Commercial Banks

- Article photo, courtesy of GLG
When you hear about banks, it’s most likely the commercial banks that come to mind. These institutions play a critical role in the global economy, offering a variety of essential financial services to individuals, corporations, and governments. But what exactly is a commercial bank, and how does it operate?
Defining Commercial Banks
A commercial bank is a financial institution that accepts deposits, offers checking account services, and makes various loans. Commercial banks are by far the largest type of depository institution, providing a range of services that we encounter in everyday life and business operations.
Commercial Banks in Numbers
As of mid-2007, there were 7,350 commercial banks in the United States. Interestingly, while less than 7% of these banks had total assets exceeding $1 billion, these large banks controlled over 85% of the total assets within the commercial banking sector. Some of the largest commercial banks in the U.S. by the end of 2005 included:
- Bank of America Corp. – $1,082.2 billion in assets
- J.P. Morgan Chase & Co. – $1,014.0 billion in assets
- Citigroup – $706.5 billion in assets
- Wachovia Corp. – $472.1 billion in assets
- Wells Fargo & Co. – $403.3 billion in assets
Services Offered by Commercial Banks
Commercial banks are versatile institutions that provide a broad range of services, typically categorized into three main groups:
Individual Banking
These services are tailored to consumers and include:
- Residential mortgage lending
- Credit card financing
- Student loans
- Personal investment services like brokerage and trust services
- Automobile and boat financing
Institutional Banking
These services cater to businesses and governments, such as:
- Commercial real estate financing
- Loans to corporations and government entities
- Leasing activities
Global Banking
In the international financial arena, commercial banks often compete with investment banks, offering services related to:
- Corporate financing and capital market products
- Underwriting securities and issuing letters of credit
- Financial advisory services on corporate restructuring and acquisitions
- Foreign exchange transactions
How Do Banks Fund Their Operations?
Commercial banks are highly leveraged institutions, meaning they fund their activities primarily through borrowed money, including customer deposits. The four main types of deposit accounts they offer include:
- Demand deposits (checking accounts): Withdrawable on demand with minimal interest.
- Savings deposits: Pay interest, often below market rates, without a fixed maturity.
- Time deposits (certificates of deposit or CDs): Have a fixed maturity and offer either fixed or floating interest rates.
- Money market demand accounts: Pay interest based on short-term interest rates.
In addition to deposits, banks also raise funds by borrowing in the money and bond markets, borrowing reserves in the federal funds market, and accessing the Federal Reserve’s discount window.
Bank Reserves and the Federal Funds Market
Banks are required to maintain a percentage of their deposits in noninterest-bearing accounts at one of the 12 Federal Reserve Banks, known as required reserves.

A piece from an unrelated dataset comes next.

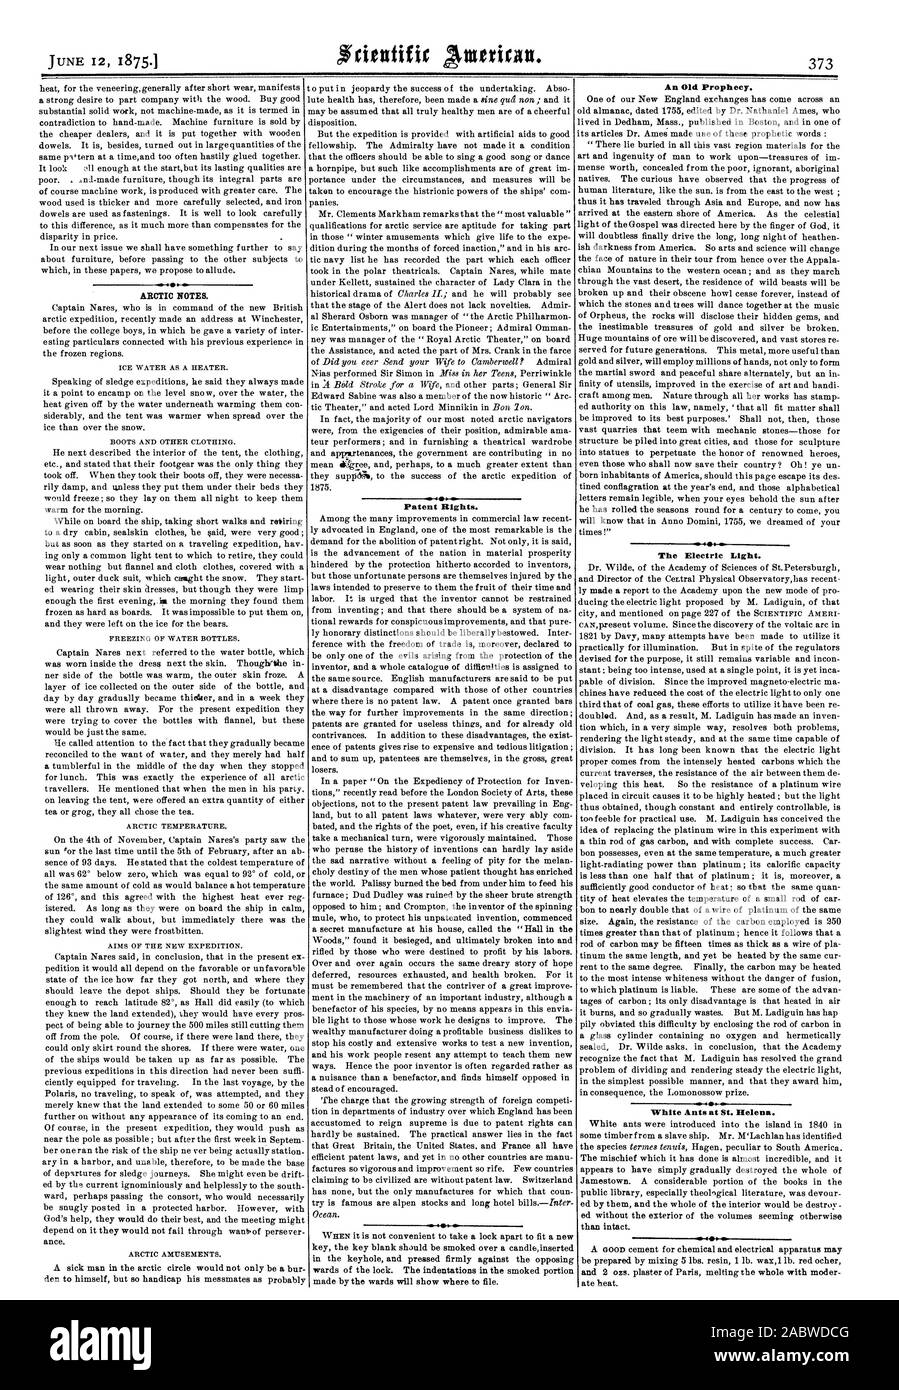 Arktis Notizen. Patentrechte. Eine alte Prophezeiung. Das elektrische Licht. Weiße Ameisen auf St. Helena., Scientific American, 1875-06-12 Stockfoto

If a bank has excess reserves, it can lend them to other banks in the federal funds market at the federal funds rate. Alternatively, if a bank falls short of its required reserves, it can borrow from the Federal Reserve at the discount rate through the discount window facility, although this requires collateral.
Regulation of Commercial Banks
Due to the significant role that commercial banks play in financial markets, they are subject to heavy regulation. At the federal level, they are overseen by entities like the Federal Reserve Board, the Office of the Comptroller of the Currency, and the Federal Deposit Insurance Corporation (FDIC). Additionally, commercial banks in the U.S. are insured by the Bank Insurance Fund (BIF), which is managed by the FDIC.
One of the biggest concerns for regulators is the capital structure of banks. Commercial banks typically have low equity capital, often less than 8% of total assets. This highly leveraged position makes them vulnerable to insolvency risks. To mitigate this risk, regulators have imposed risk-based capital requirements, which are guided by international standards set by the Basel Committee on Banking Supervision.
In summary, commercial banks are the backbone of the modern financial system. Whether you’re applying for a loan, opening a savings account, or managing business finances, commercial banks offer a suite of services to meet the needs of both individuals and institutions. Their role in facilitating financial transactions, offering loans, and supporting economic growth cannot be overstated.